基于 kubeadm 安装 Kubernetes 集群的完整步骤
准备工作
- 准备好3台服务器 ,每台机器内存2GB以上, master节点cpu 2C以上。
- 同步服务器时间(NTP)
- 设置服务器ssh免密配置
安装步骤
设置hosts
vi /etc/hosts
192.168.0.110 master110
192.168.0.109 node109
192.168.0.112 node112
关闭防火墙
systemctl stop firewalld
systemctl disable firewalld
systemctl status firewalld
关闭swap
关闭swap (为保证系统的稳定性和性能,k8s建议关闭swap)
临时关闭:swapoff -a
永久关闭(需要重启机子)
vi etc/fstab
[root@master110 ~]# less /etc/fstab
#
# /etc/fstab
# Created by anaconda on Wed Mar 27 06:37:15 2024
#
# Accessible filesystems, by reference, are maintained under '/dev/disk'
# See man pages fstab(5), findfs(8), mount(8) and/or blkid(8) for more info
#
/dev/mapper/centos-root / xfs defaults 0 0
UUID=ae1ef289-9c30-4338-af1f-6be0af376392 /boot xfs defaults 0 0
#/dev/mapper/centos-swap swap swap defaults 0 0
禁用SELinux
vi /etc/selinux/config
# This file controls the state of SELinux on the system.
# SELINUX= can take one of these three values:
# enforcing - SELinux security policy is enforced.
# permissive - SELinux prints warnings instead of enforcing.
# disabled - No SELinux policy is loaded.
#SELINUX=enforcing
# SELINUXTYPE= can take one of three values:
# targeted - Targeted processes are protected,
# minimum - Modification of targeted policy. Only selected processes are protected.

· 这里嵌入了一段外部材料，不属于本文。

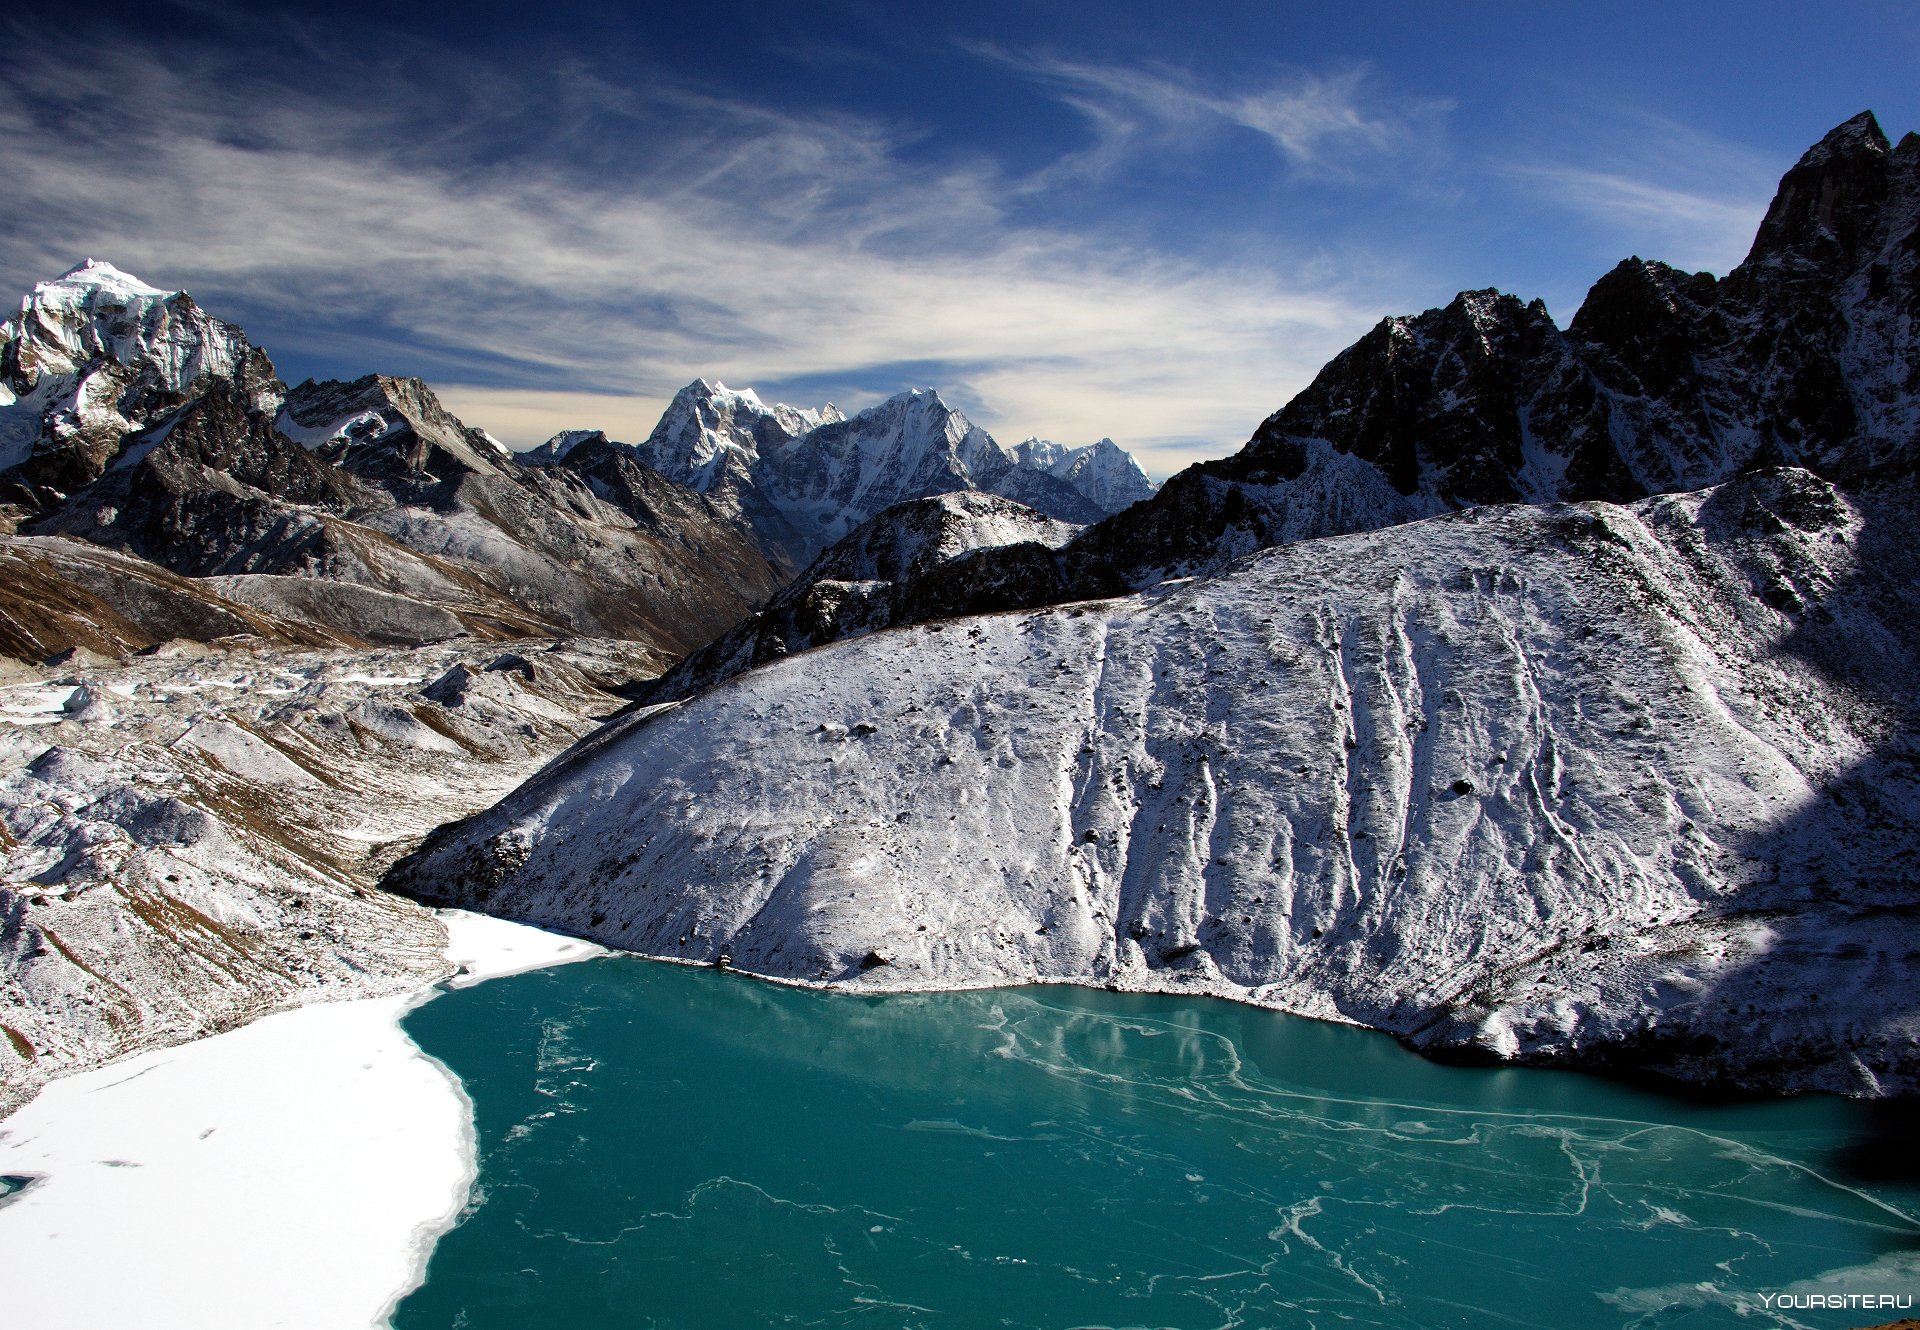 Гималаи озера. Озеро Гокио Непал. Ледник Кхумбу. Ледники Гималаев. Бирюзовое озеро Дудх Покхари, Гималаи.
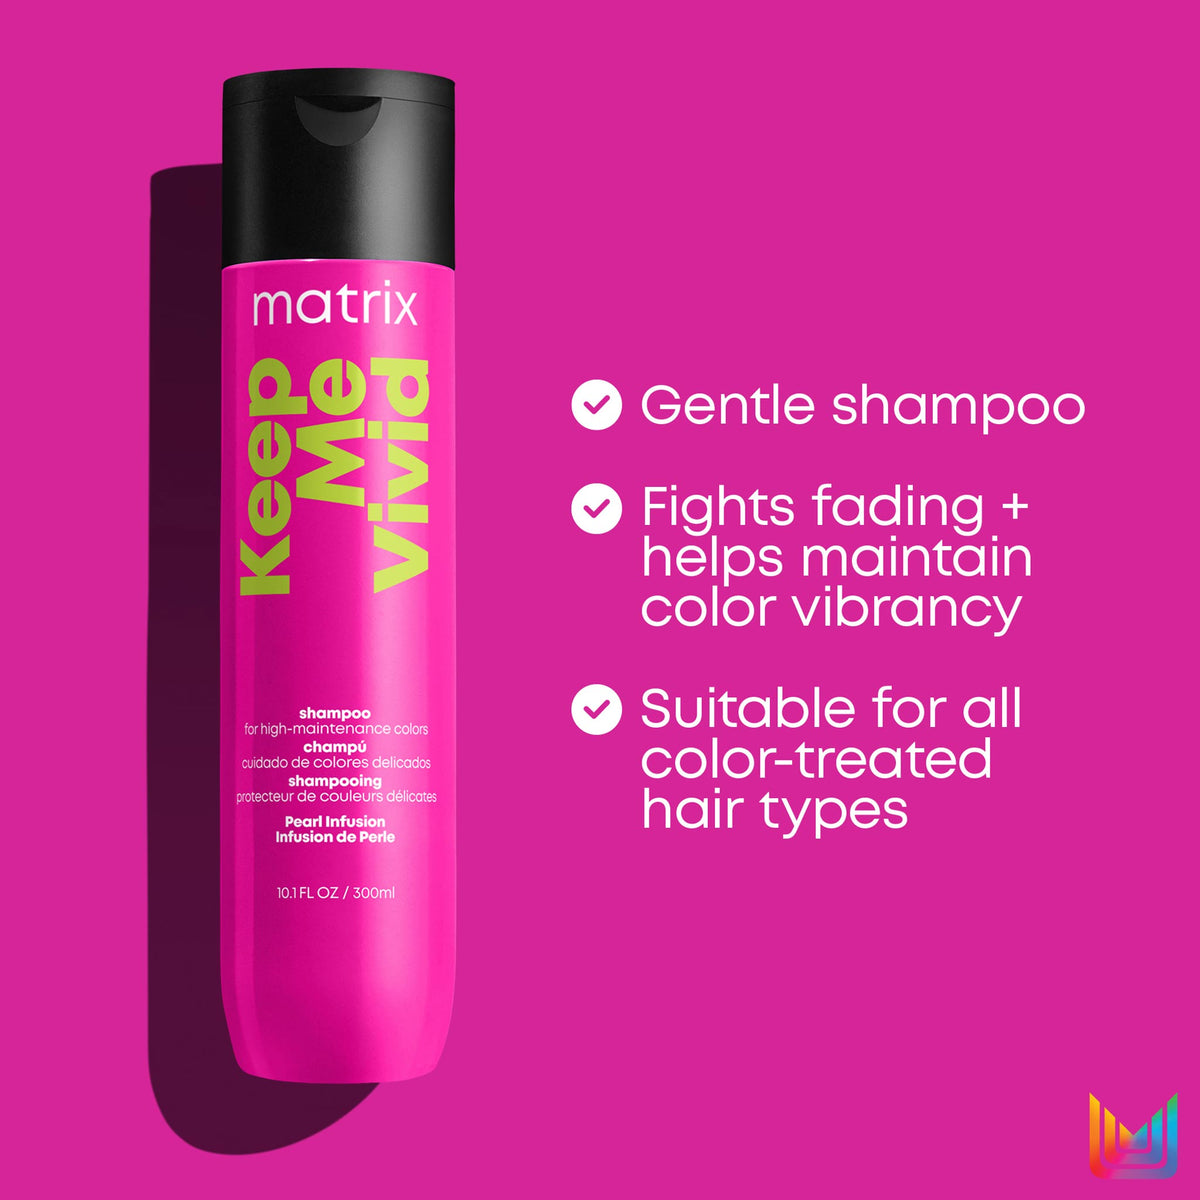 Matrix Keep Me Vivid Sulfate Free Shampoo 300ml

# mls - Multi Level Security protection.
#SELINUXTYPE=targeted
SELINUX=disabled
设置iptables
cat <<EOF | sudo tee /etc/modules-load.d/k8s.conf
br_netfilter
EOF
cat <<EOF | sudo tee /etc/sysctl.d/k8s.conf
net.bridge.bridge-nf-call-ip6tables = 1
net.bridge.bridge-nf-call-iptables = 1
net.ipv4.ip_forward = 1
EOF
sysctl --system
安装容器运行时 containerd
yum install -y yum-utils
# 添加docker镜像源
yum-config-manager --add-repo https://mirrors.aliyun.com/docker-ce/linux/centos/docker-ce.repo
# 安装
yum install -y containerd
# 启动containerd
sudo systemctl start containerd
# 设置开机启动
sudo systemctl enable containerd
安装kubeadm,kubelet,kubectl
- kubeadm:用来初始化集群的指令。
- kubelet:在集群中的每个节点用来启动Pod和容器。
- kubectl:用来与集群通信的命令行工具。
添加kubernetes yum 源
vi /etc/yum.repos.d/kubernetes.repo
[kubernetes]
name=Kubernetes
baseurl=https://mirrors.aliyun.com/kubernetes/yum/repos/kubernetes-el7-x86_64/
enabled=1
gpgcheck=0
安装kubeadm,kubelet,kubeadm
sudo yum install -y kubelet kubeadm kubectl --disableexcludes=kubernetes
sudo systemctl enable --now kubelet
- –disableexcludes=kubernetes 禁用在 yum 配置文件或特定仓库中与 kubernetes 相关的 exclude 规则,目的是确保可以从 Kubernetes 官方仓库中安装指定的软件包,而不会被系统配置的 exclude 条目阻止。
- enable: 开机自动启动
- –now: 同时启用并立即启动 kubelet 服务
使用kubeadm init 初始化控制面
kubeadm init --image-repository registry.aliyuncs.com/google_containers --kubernetes-version v1.28.0 --apiserver-advertise-address=192.168.0.110 --pod-network-cidr=10.244.0.0/16
- –image-repository 指定kubernetes镜像仓库地址
- – kuberneets-version 指定安装的k8s版本
- –apiserver-advertise-address 指定API服务器对外暴露的地址
- –pod-network-cidr 指定Pod网络范围的CIDR范围。
设置kubectl 配置文件
执行完kubeadmin init后,配置kubectl执行环境,根据提示执行命令,将/etc/kubernetes/admin.conf复制到$HOME/.kube/config下。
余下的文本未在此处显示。